#### [What you have to do]
Would you retype exactly the lines from the one holding "Welcome to visit us in SWOP Shanghai Expo" through the last line of the listing, and only those, without pictures?

[Available data — start]

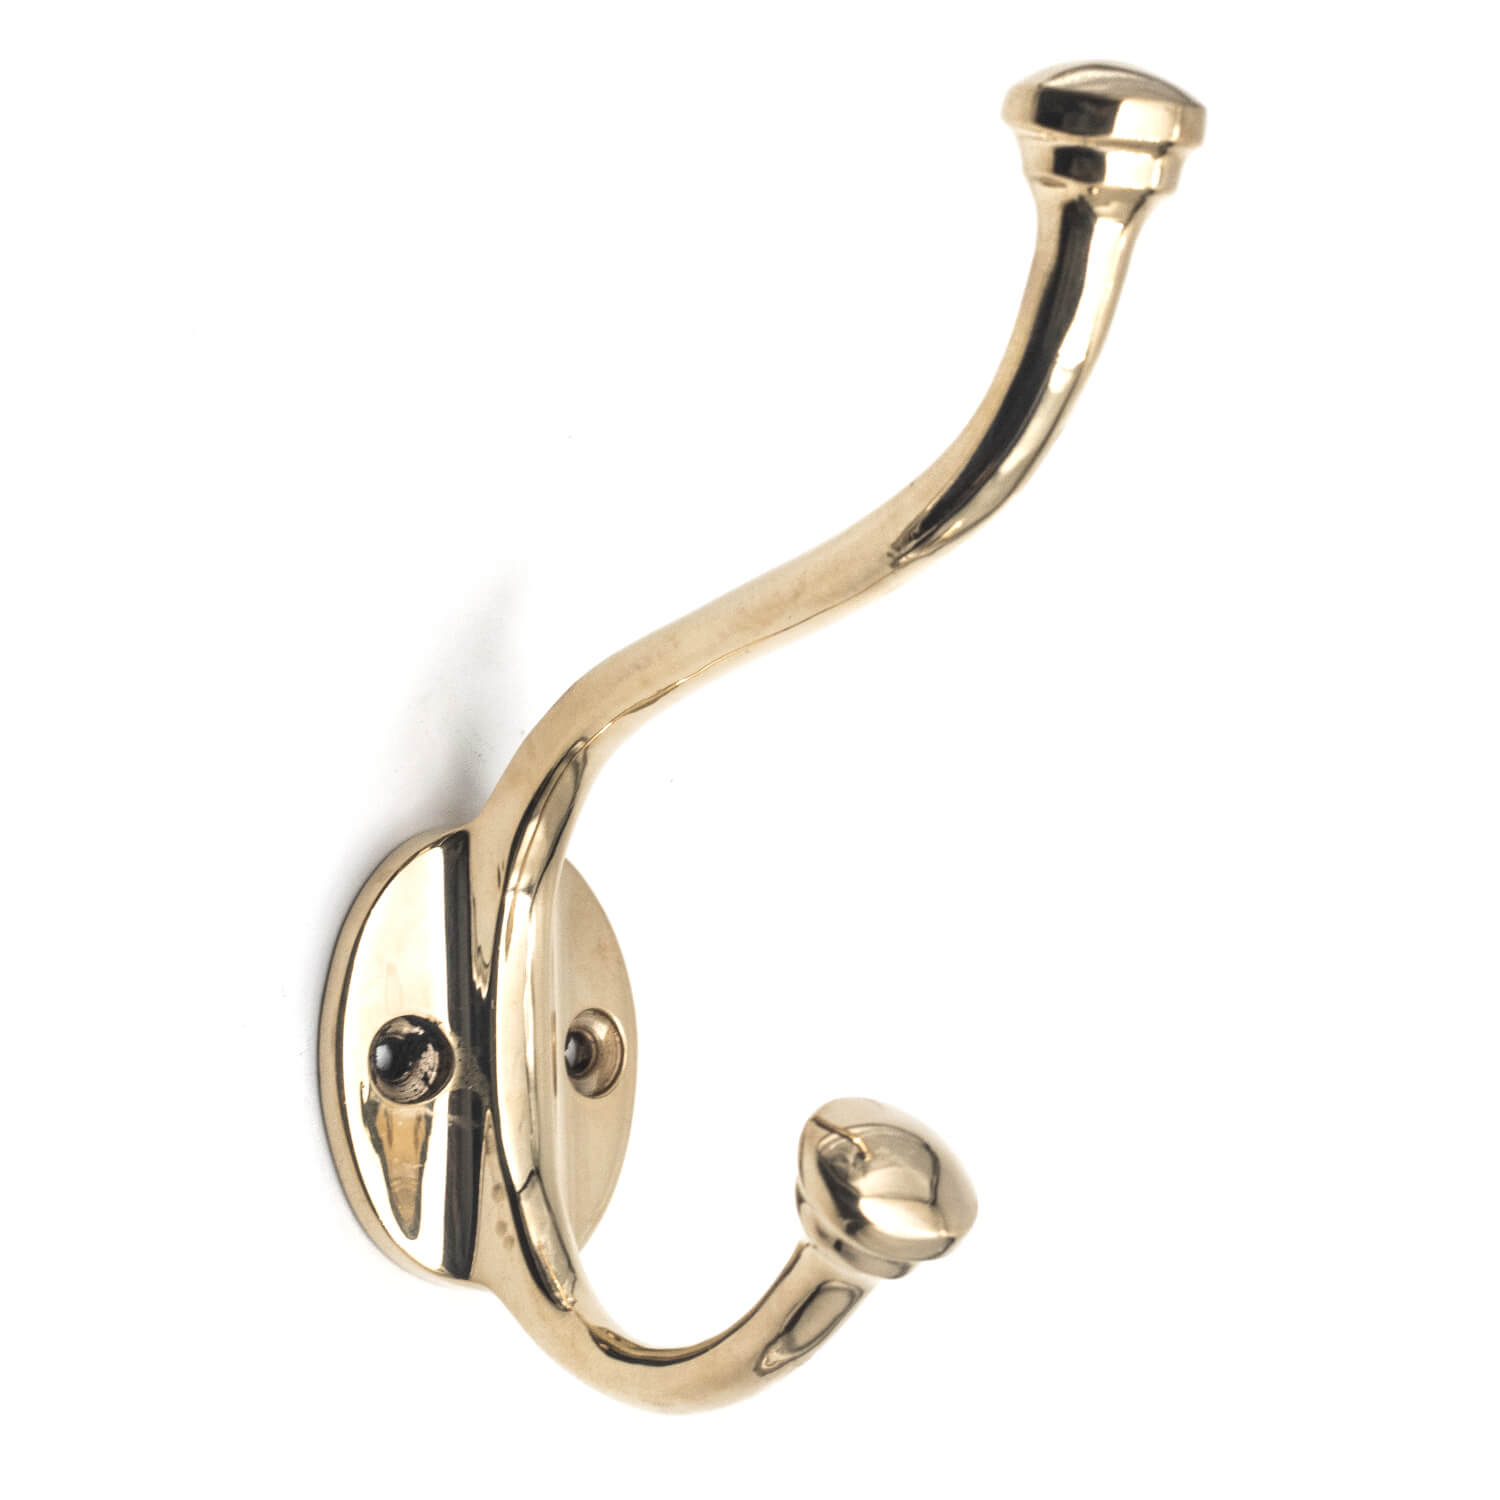 Hat hook - Classic - Brass without lacquer - Model 851 - Hooks
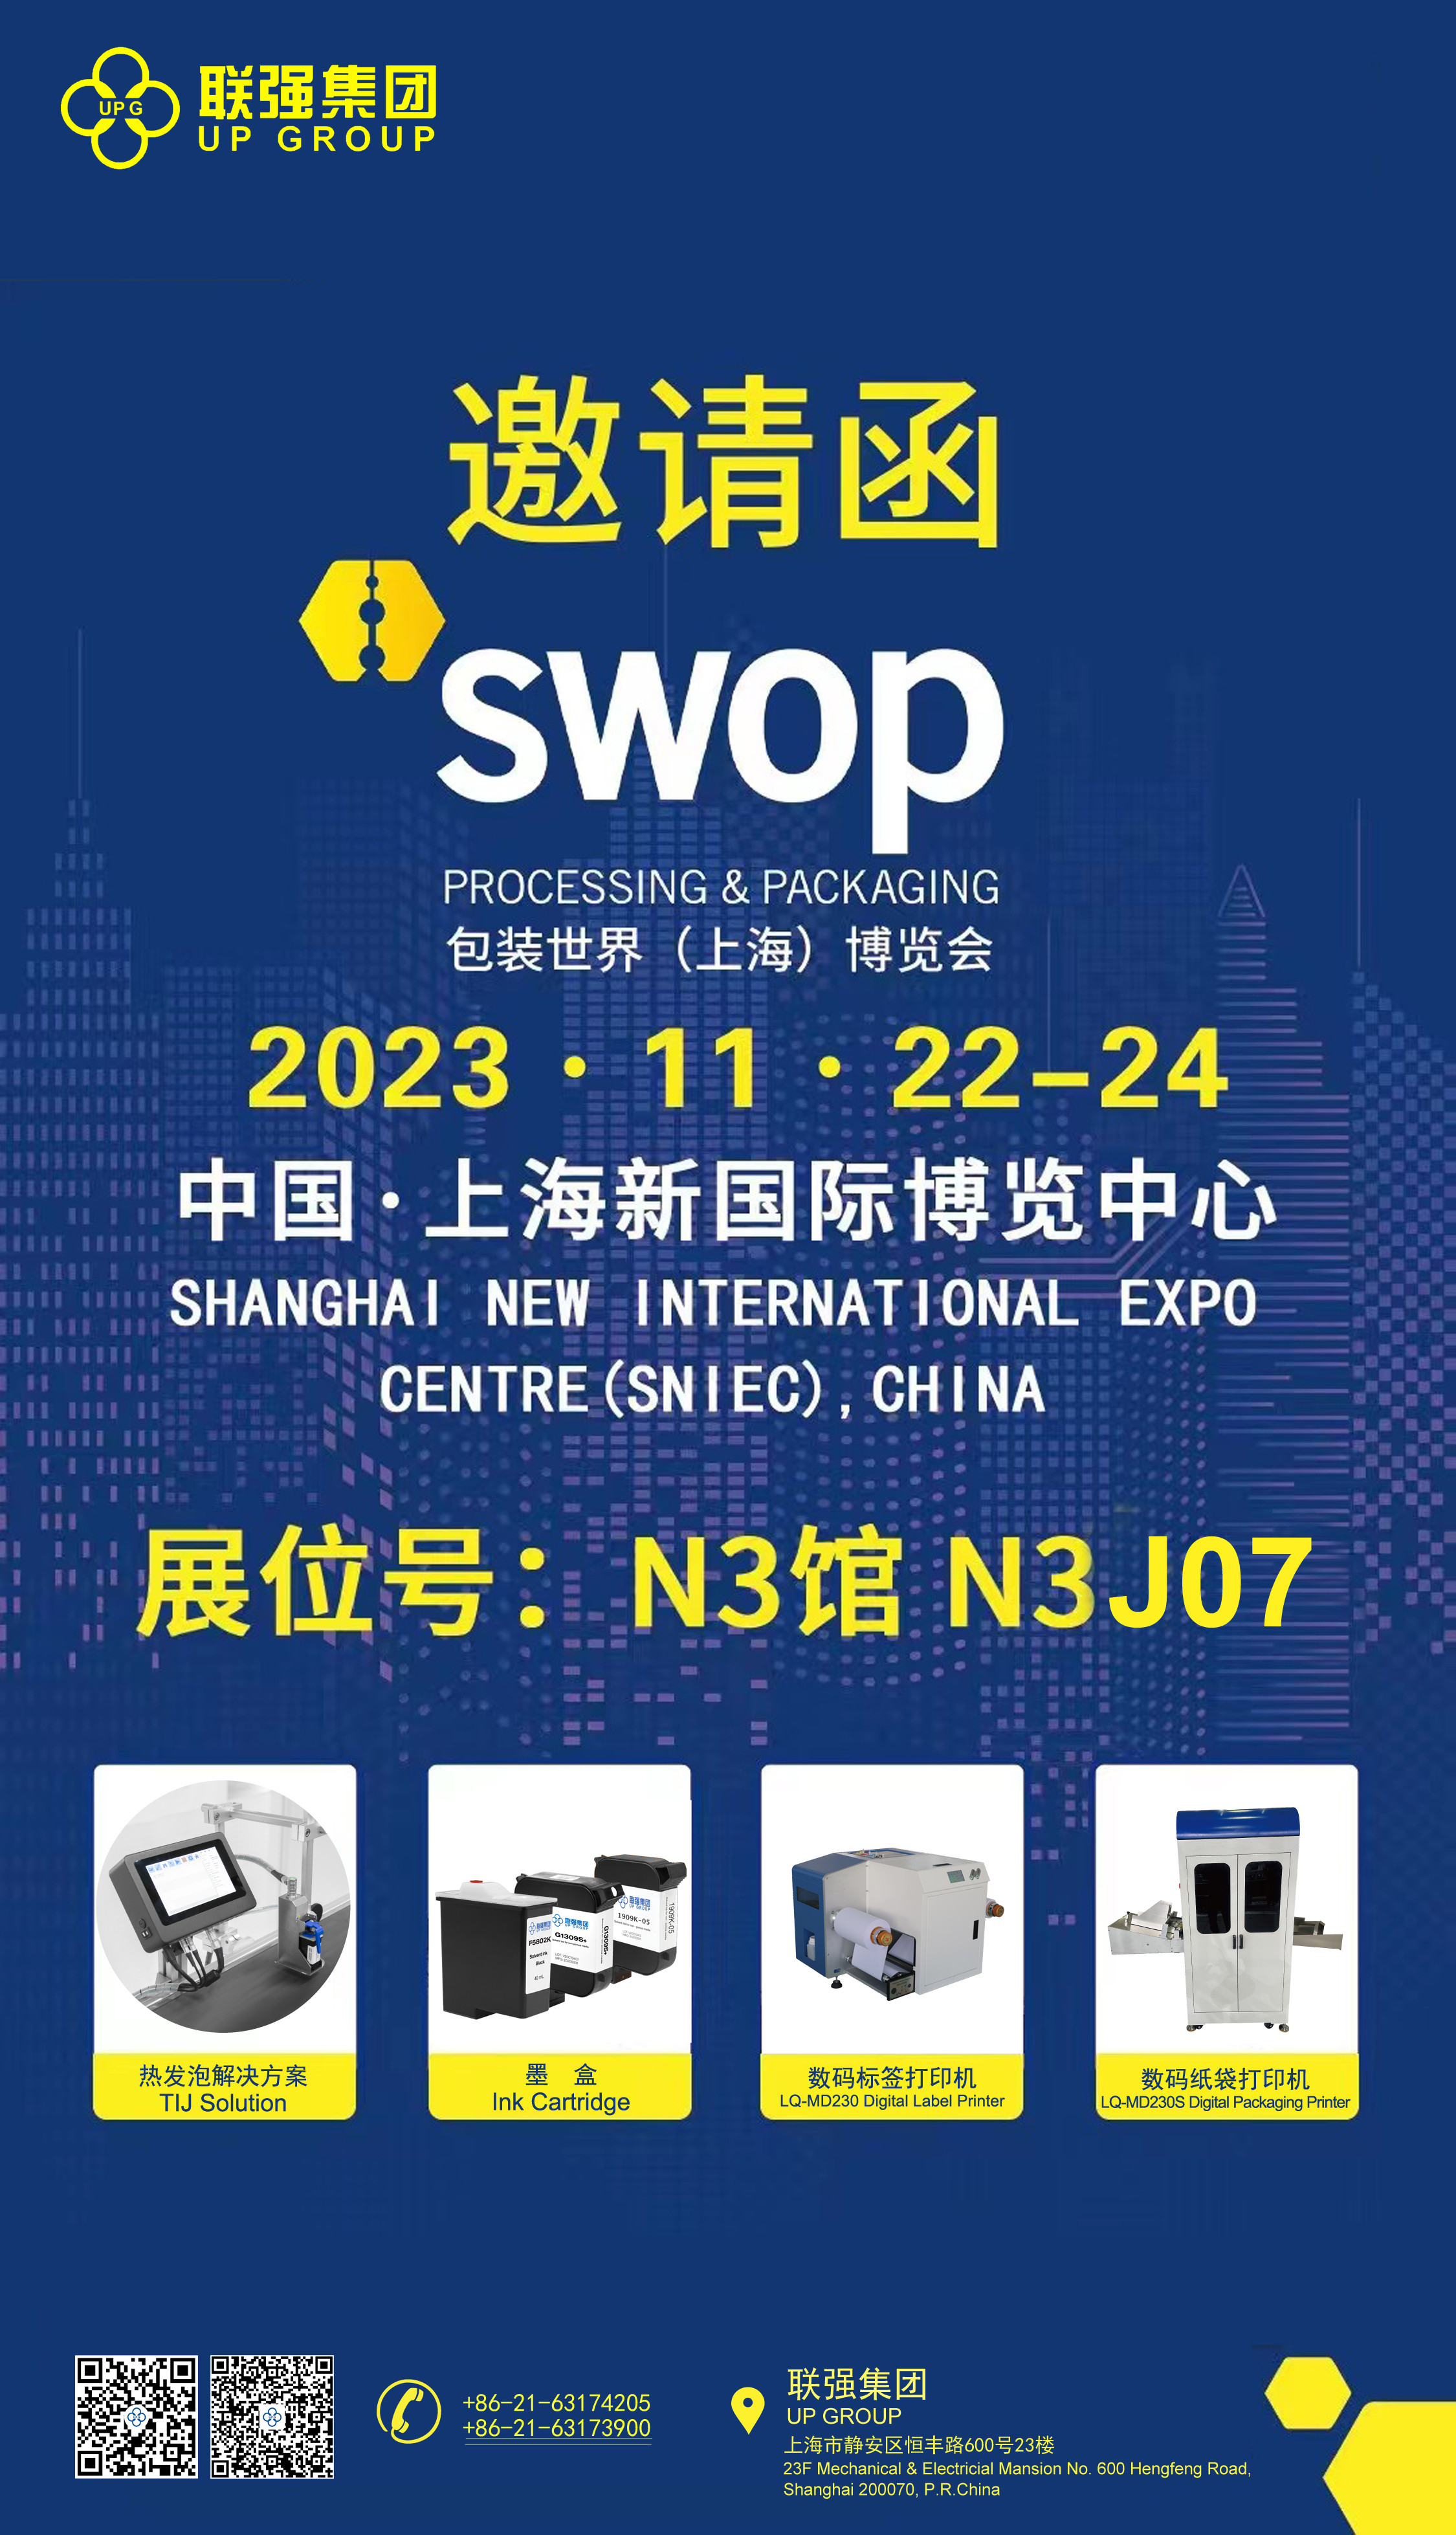 Welcome to visit us in SWOP Shanghai Expo
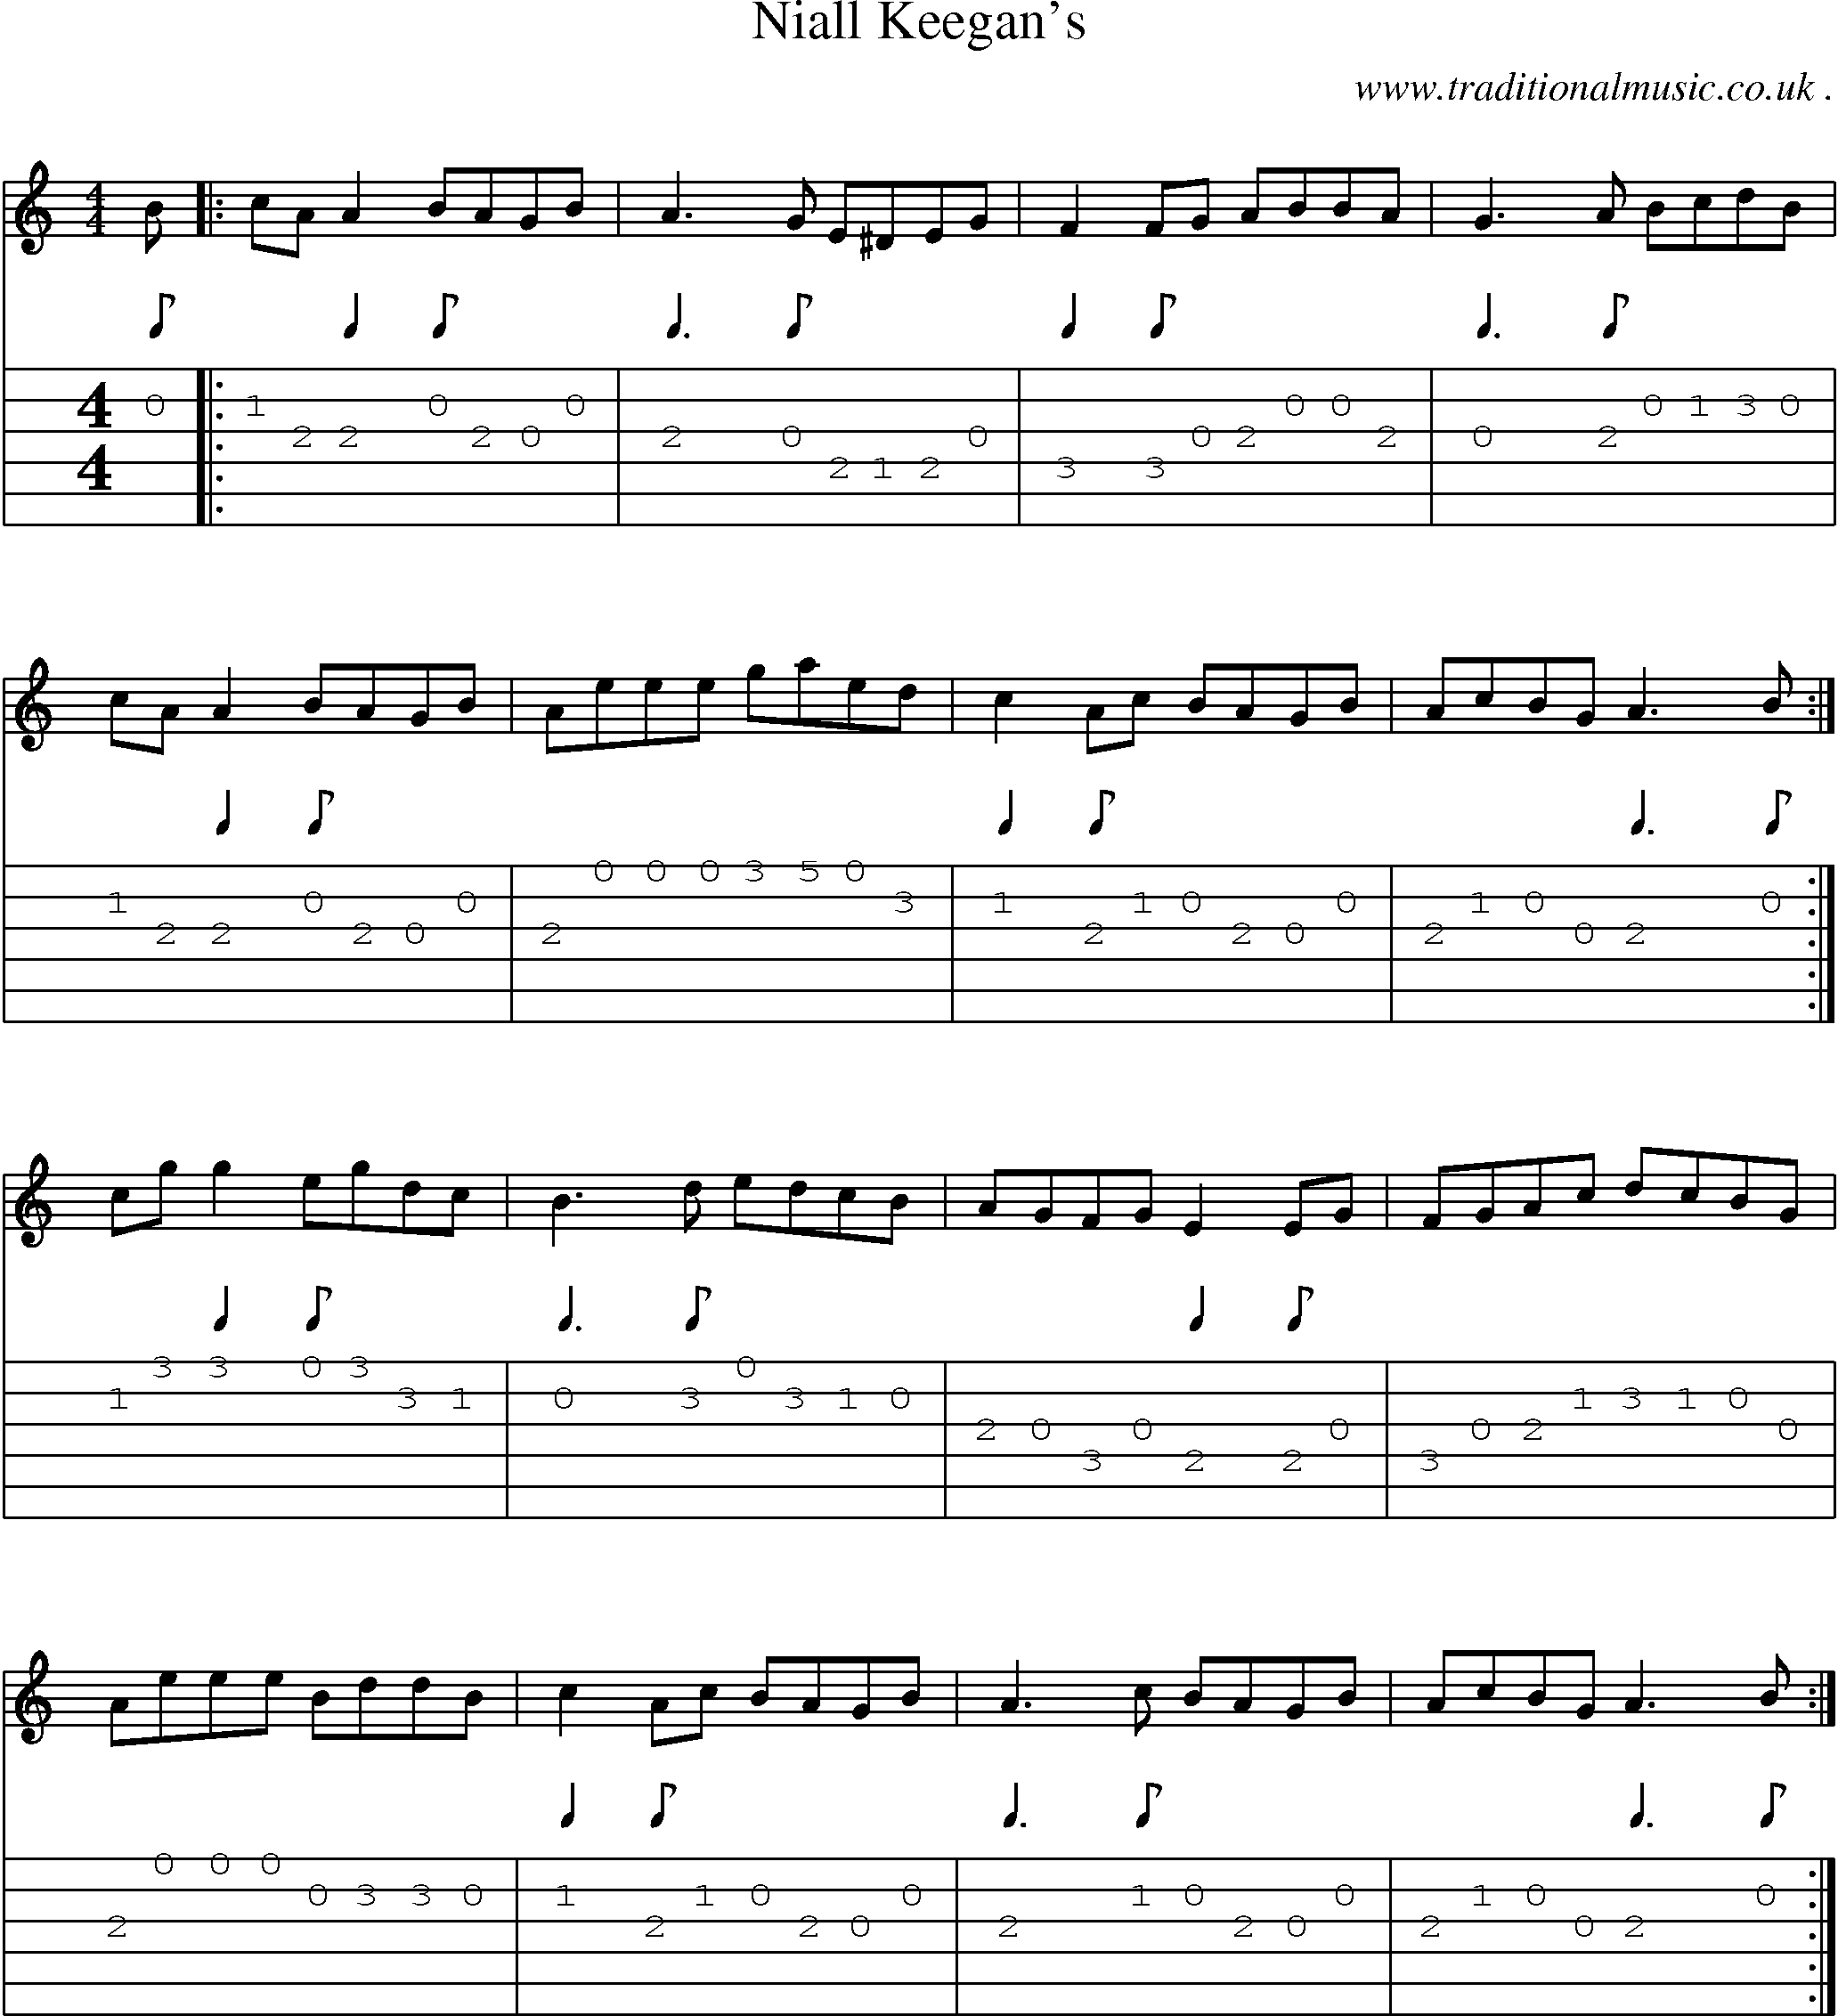 Sheet-Music and Guitar Tabs for Niall Keegans

[Available data — finish]

#### [Reply]
 Welcome to visit us in SWOP Shanghai Expo
 Sheet-Music and Guitar Tabs for Niall Keegans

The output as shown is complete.